Collected data:
#####
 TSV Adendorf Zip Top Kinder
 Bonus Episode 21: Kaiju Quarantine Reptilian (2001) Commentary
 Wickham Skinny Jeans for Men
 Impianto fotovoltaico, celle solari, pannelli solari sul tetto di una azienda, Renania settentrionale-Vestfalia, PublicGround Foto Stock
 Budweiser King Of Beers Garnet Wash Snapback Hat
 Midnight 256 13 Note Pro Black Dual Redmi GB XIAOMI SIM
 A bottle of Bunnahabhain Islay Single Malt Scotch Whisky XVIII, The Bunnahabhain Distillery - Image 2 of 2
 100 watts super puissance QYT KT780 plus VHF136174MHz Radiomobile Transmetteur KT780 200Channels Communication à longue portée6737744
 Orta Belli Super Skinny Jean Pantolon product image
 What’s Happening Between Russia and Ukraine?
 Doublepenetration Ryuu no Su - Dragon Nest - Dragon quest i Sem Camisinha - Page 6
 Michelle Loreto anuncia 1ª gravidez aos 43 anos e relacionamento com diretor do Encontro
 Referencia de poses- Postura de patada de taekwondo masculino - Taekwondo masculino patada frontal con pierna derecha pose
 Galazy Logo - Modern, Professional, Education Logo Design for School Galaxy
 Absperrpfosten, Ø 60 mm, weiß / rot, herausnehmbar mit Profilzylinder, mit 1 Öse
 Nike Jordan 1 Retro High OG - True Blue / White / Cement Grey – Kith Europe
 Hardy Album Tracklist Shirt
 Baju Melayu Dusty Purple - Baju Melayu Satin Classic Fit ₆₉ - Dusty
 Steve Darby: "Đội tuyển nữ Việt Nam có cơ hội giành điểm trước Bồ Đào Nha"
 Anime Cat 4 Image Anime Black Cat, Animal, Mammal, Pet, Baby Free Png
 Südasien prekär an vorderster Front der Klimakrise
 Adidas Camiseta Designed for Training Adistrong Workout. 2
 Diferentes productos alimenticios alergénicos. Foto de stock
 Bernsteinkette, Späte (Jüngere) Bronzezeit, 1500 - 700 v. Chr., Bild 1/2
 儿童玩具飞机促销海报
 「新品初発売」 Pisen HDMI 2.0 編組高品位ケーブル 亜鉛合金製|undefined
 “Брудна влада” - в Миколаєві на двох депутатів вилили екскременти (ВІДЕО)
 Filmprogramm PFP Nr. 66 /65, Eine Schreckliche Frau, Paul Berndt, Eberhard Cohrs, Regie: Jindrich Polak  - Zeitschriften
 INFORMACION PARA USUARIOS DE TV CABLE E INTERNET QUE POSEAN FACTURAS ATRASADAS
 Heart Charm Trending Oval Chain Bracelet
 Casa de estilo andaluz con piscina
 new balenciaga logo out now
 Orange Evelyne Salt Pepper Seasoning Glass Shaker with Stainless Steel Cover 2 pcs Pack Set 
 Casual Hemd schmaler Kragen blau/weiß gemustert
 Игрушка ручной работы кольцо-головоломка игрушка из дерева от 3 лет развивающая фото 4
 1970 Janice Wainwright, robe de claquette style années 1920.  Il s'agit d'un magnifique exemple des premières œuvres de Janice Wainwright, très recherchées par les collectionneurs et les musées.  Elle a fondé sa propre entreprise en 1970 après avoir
#####
* Problem details
For this exercise, copy every line of the data that holds "Skinny".

* Result below
 Wickham Skinny Jeans for Men
 Orta Belli Super Skinny Jean Pantolon product image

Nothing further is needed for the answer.